**Given information:**
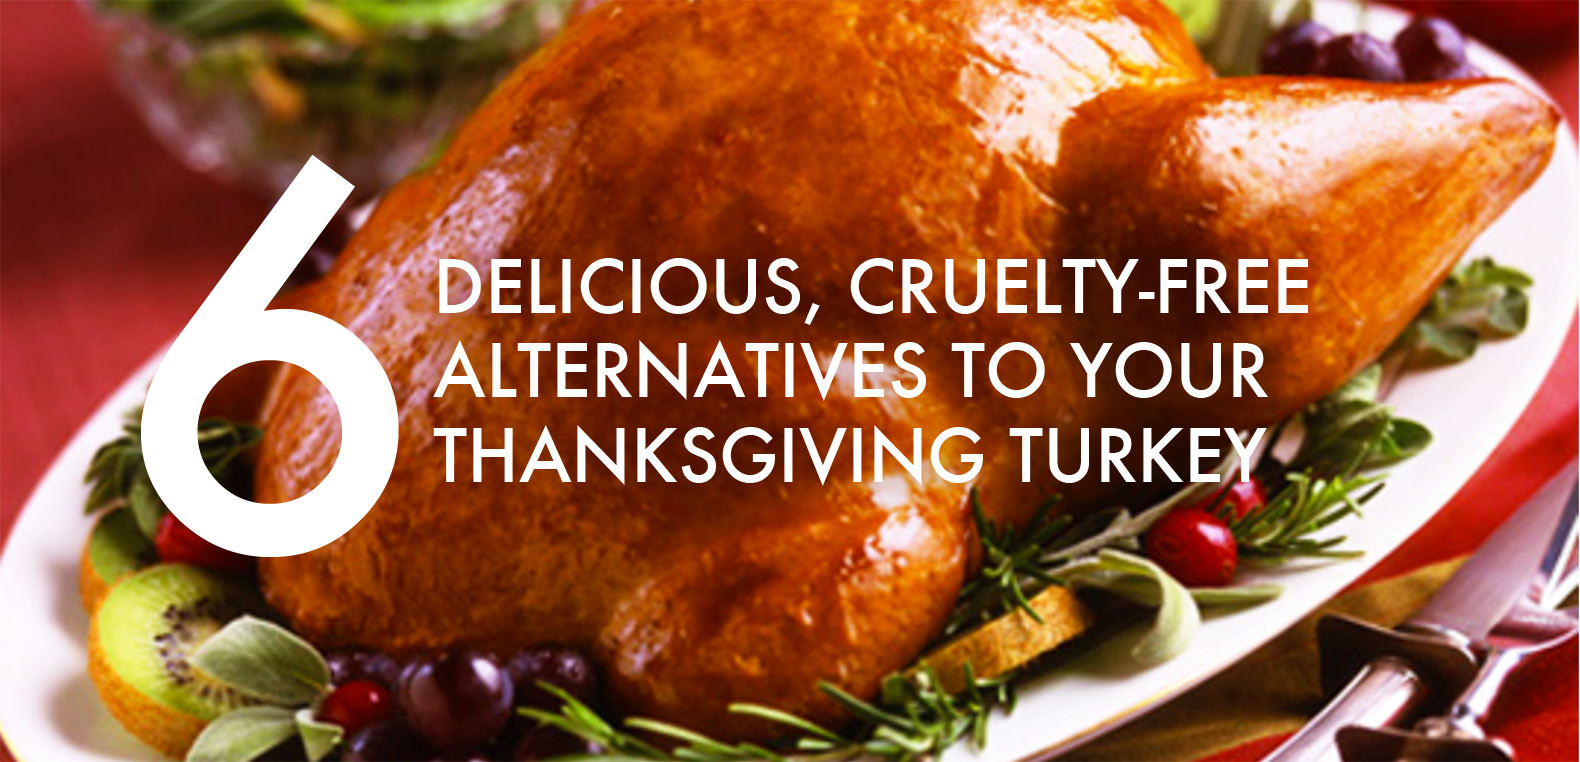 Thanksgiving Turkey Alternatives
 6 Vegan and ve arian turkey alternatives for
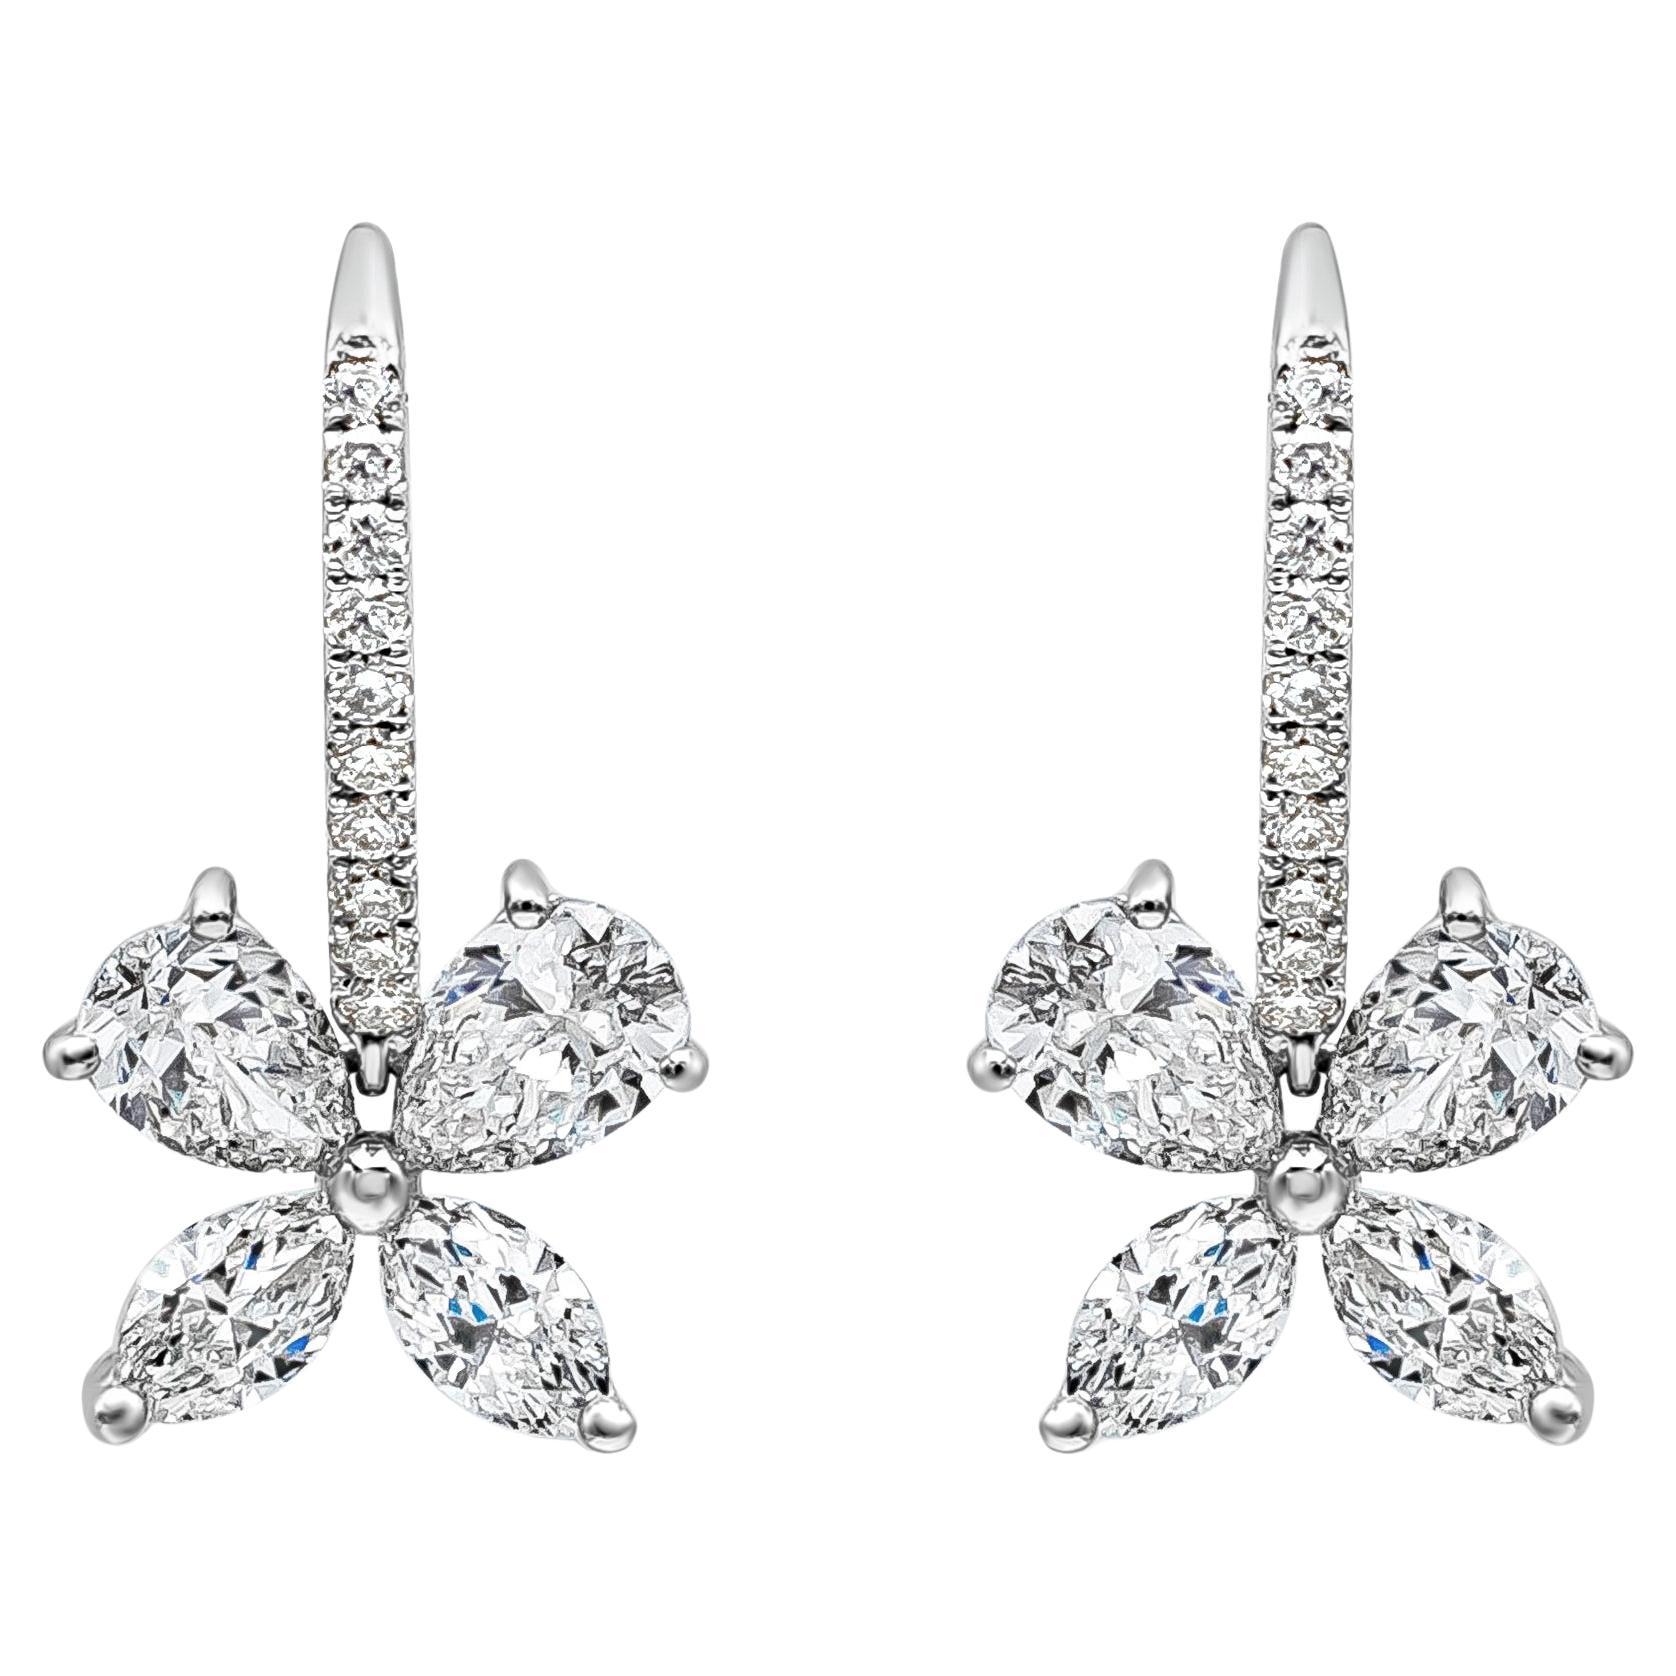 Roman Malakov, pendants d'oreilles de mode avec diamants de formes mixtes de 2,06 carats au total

**Aim of the task:** Output verbatim the lines beginning at the line with "6 Vegan and ve arian turkey alternatives for" and ending at the last line of the material above, inclusive. Do not carry over any pictures.

**Written answer:**
 6 Vegan and ve arian turkey alternatives for
 Roman Malakov, pendants d'oreilles de mode avec diamants de formes mixtes de 2,06 carats au total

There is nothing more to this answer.